▶ **Exercise goal**
Output every line from the beginning of the records through the line that contains "Cartier Damen - /herrenuhr", exactly as it appears.

(Stored entries)

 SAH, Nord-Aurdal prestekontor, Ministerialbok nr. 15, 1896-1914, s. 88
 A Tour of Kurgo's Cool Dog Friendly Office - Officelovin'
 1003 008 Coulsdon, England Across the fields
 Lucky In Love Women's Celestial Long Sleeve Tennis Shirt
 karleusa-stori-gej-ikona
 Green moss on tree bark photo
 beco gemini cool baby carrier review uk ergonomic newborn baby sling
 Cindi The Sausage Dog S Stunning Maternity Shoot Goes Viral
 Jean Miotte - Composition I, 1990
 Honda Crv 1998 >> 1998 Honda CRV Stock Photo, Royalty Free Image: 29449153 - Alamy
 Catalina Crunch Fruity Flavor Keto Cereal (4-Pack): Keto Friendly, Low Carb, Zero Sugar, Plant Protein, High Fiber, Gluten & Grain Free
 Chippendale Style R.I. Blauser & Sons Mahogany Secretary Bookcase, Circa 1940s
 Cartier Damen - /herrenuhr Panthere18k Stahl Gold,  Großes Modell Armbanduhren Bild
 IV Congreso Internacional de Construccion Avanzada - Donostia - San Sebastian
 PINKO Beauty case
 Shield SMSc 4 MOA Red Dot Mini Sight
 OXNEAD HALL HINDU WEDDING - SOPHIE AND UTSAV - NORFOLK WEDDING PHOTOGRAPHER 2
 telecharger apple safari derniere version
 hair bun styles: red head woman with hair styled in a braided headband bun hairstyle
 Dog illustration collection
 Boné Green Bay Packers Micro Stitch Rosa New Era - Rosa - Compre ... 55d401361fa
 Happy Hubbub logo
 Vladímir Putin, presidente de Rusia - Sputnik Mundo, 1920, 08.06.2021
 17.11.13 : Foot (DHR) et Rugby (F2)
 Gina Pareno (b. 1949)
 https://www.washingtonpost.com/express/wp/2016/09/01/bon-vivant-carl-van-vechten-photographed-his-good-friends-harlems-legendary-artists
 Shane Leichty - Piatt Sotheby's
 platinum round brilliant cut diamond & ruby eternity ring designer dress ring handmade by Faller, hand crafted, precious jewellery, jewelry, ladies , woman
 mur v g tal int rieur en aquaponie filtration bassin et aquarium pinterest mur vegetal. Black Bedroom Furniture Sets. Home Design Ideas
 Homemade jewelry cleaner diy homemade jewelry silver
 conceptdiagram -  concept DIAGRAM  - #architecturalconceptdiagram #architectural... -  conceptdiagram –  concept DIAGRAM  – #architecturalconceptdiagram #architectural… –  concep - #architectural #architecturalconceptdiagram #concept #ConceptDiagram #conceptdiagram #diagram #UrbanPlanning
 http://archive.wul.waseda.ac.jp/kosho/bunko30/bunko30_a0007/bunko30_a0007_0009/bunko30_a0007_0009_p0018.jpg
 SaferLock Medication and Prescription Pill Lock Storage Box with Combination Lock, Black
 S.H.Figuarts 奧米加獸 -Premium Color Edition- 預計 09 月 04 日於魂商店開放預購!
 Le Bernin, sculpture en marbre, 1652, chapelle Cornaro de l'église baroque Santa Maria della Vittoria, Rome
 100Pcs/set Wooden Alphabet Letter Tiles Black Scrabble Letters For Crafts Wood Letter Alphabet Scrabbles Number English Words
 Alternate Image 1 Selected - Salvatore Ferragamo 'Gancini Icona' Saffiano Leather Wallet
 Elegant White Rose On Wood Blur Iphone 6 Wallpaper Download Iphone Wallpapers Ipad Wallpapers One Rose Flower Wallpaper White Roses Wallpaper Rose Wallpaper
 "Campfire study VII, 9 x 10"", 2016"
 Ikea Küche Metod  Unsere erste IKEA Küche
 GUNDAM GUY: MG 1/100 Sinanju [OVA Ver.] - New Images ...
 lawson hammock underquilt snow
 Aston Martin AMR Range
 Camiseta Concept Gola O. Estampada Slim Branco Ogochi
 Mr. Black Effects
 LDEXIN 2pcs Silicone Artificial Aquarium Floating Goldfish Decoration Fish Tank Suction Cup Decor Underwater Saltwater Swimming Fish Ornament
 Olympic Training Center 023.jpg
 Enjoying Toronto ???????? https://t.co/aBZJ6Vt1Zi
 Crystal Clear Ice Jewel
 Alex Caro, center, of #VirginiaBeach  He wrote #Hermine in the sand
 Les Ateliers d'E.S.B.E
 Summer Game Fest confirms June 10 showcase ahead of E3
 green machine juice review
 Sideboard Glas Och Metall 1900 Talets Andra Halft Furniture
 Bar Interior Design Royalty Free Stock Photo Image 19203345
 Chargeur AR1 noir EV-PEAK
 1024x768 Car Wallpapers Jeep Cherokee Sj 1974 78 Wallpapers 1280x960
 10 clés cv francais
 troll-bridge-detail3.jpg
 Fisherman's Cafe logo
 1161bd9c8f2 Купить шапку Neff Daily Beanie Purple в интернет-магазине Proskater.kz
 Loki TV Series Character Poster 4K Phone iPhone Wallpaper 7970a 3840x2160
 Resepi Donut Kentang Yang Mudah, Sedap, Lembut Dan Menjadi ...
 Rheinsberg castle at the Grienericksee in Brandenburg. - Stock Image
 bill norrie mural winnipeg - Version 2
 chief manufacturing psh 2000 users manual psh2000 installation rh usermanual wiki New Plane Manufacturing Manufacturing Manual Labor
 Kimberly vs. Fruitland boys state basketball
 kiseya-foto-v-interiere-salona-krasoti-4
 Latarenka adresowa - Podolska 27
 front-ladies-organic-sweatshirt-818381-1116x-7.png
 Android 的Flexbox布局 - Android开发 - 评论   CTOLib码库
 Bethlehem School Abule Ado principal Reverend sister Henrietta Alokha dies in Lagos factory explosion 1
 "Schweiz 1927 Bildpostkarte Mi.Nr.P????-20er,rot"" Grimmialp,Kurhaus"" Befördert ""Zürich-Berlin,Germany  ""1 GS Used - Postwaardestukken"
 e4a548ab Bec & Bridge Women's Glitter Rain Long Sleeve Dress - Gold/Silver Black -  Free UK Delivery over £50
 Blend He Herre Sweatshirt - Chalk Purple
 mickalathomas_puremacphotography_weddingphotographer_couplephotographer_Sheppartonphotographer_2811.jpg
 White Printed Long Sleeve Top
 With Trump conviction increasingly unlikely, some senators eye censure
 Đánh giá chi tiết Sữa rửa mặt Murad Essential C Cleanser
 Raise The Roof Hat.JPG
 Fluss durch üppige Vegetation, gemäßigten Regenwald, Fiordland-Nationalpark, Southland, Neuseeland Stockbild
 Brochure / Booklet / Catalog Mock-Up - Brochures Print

▶ **Solved problem**
 SAH, Nord-Aurdal prestekontor, Ministerialbok nr. 15, 1896-1914, s. 88
 A Tour of Kurgo's Cool Dog Friendly Office - Officelovin'
 1003 008 Coulsdon, England Across the fields
 Lucky In Love Women's Celestial Long Sleeve Tennis Shirt
 karleusa-stori-gej-ikona
 Green moss on tree bark photo
 beco gemini cool baby carrier review uk ergonomic newborn baby sling
 Cindi The Sausage Dog S Stunning Maternity Shoot Goes Viral
 Jean Miotte - Composition I, 1990
 Honda Crv 1998 >> 1998 Honda CRV Stock Photo, Royalty Free Image: 29449153 - Alamy
 Catalina Crunch Fruity Flavor Keto Cereal (4-Pack): Keto Friendly, Low Carb, Zero Sugar, Plant Protein, High Fiber, Gluten & Grain Free
 Chippendale Style R.I. Blauser & Sons Mahogany Secretary Bookcase, Circa 1940s
 Cartier Damen - /herrenuhr Panthere18k Stahl Gold,  Großes Modell Armbanduhren Bild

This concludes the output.